12. Come anticipato, la Corte di Strasburgo, in materia di rapporti tra separati procedimenti finalizzati all’irrogazione di sanzioni penali e sanzioni disciplinari, non ha mai affermato la sussistenza del divieto di bis in idem ex articolo 4 del Protocollo n. 7 alla Convenzione EDU.
12.1. In verita’, l’operativita’ del predetto divieto, con riferimento alla predetta materia, e’ stata addirittura espressamente esclusa.
12.1.1. Come dedotto dal Governo norvegese nel caso deciso dalla Corte EDU, Grande Chambre, sentenza 15 novembre 2016, caso A. e B. c. Norvegia (§ 67), dal rapporto esplicativo del Protocollo n. 7 risulta che il contenuto dell’articolo 4 del Protocollo “e’ stato concepito per riguardare i procedimenti penali stricto sensu.
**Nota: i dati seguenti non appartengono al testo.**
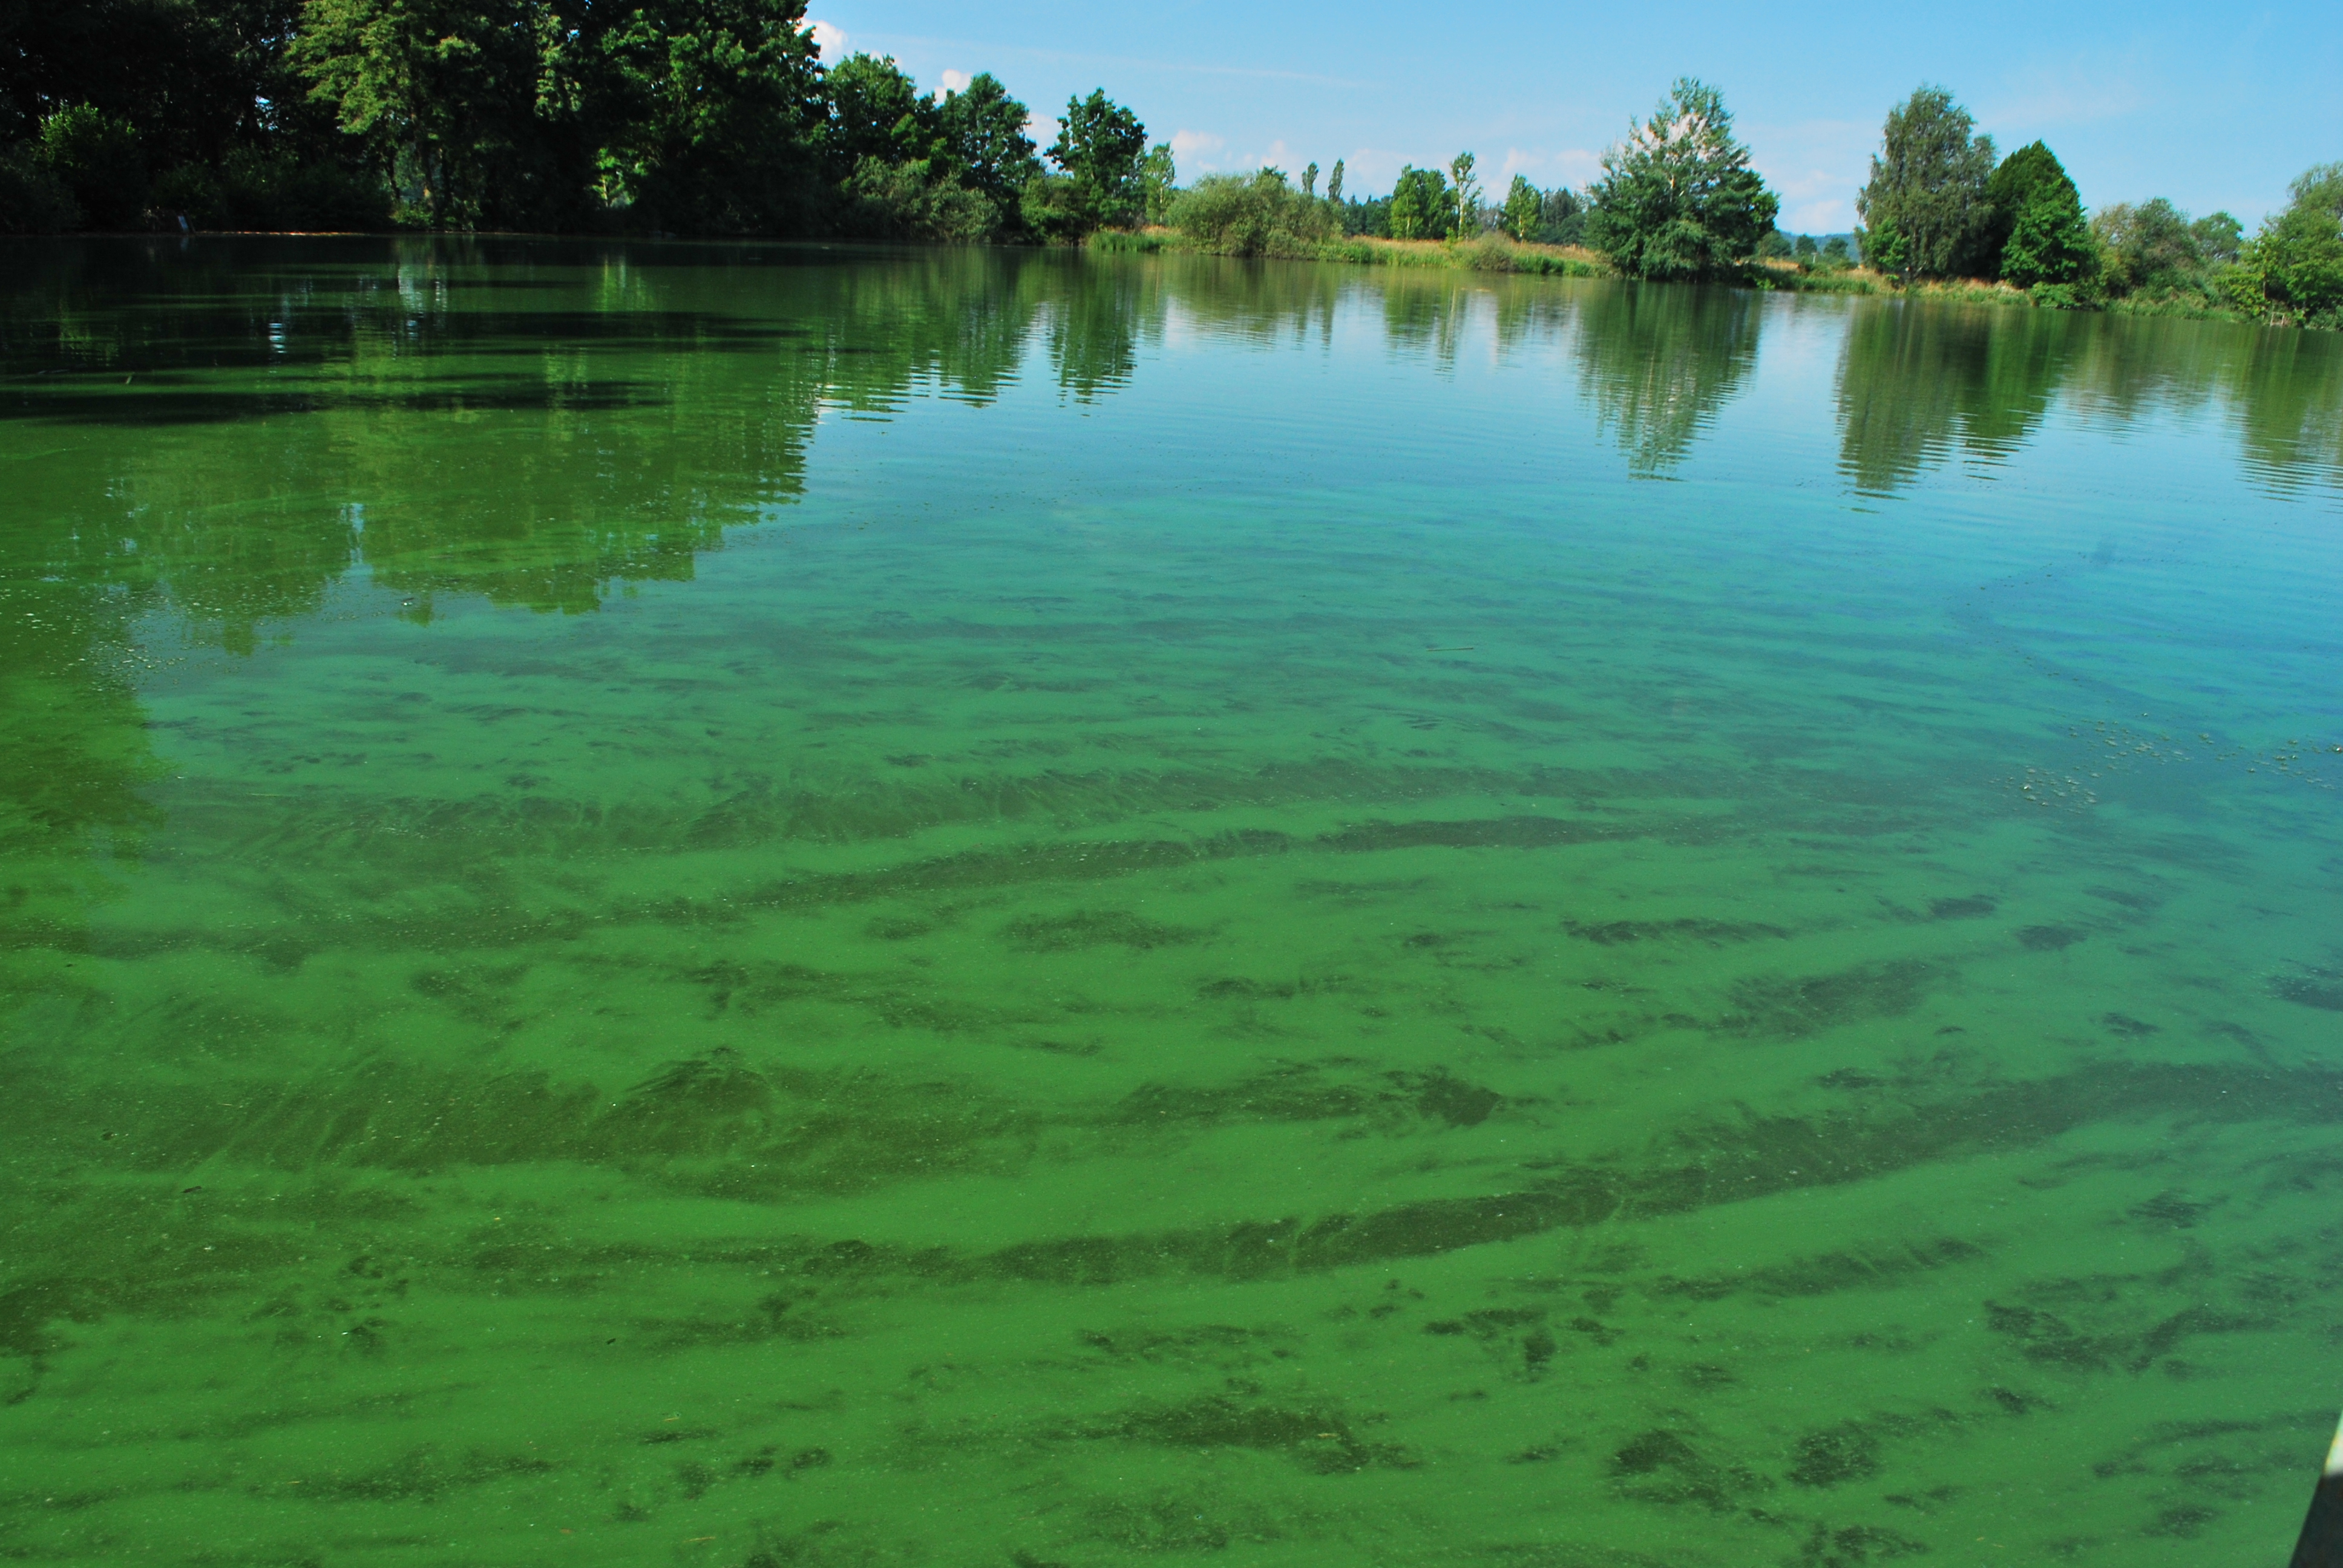 Nadměrné množství fosforu ve vodě podporuje intenzivní rozvoj sinic a řas. Foto David Kortan

Tale rapporto indicherebbe nel suo paragrafo 28 che non era sembrato necessario definire l’illecito come “penale” in quanto il contenuto dell’articolo 4, “che contiene gia’ i termini “penalmente” e “procedimento penale”, rendeva questa precisazione inutile nel testo stesso dell’articolo”. Nel paragrafo 32 il rapporto sottolineerebbe che l’articolo 4 del Protocollo n. 7 non vieta che si tengano procedimenti “di natura diversa (ad esempio un procedimento disciplinare, nel caso di un funzionario)”. Inoltre, l’articolo 6 e l’articolo 4 del Protocollo n. 7 perseguivano scopi diversi, se non addirittura opposti, dato che il primo aveva lo scopo di rafforzare le garanzie procedurali in materia penale”.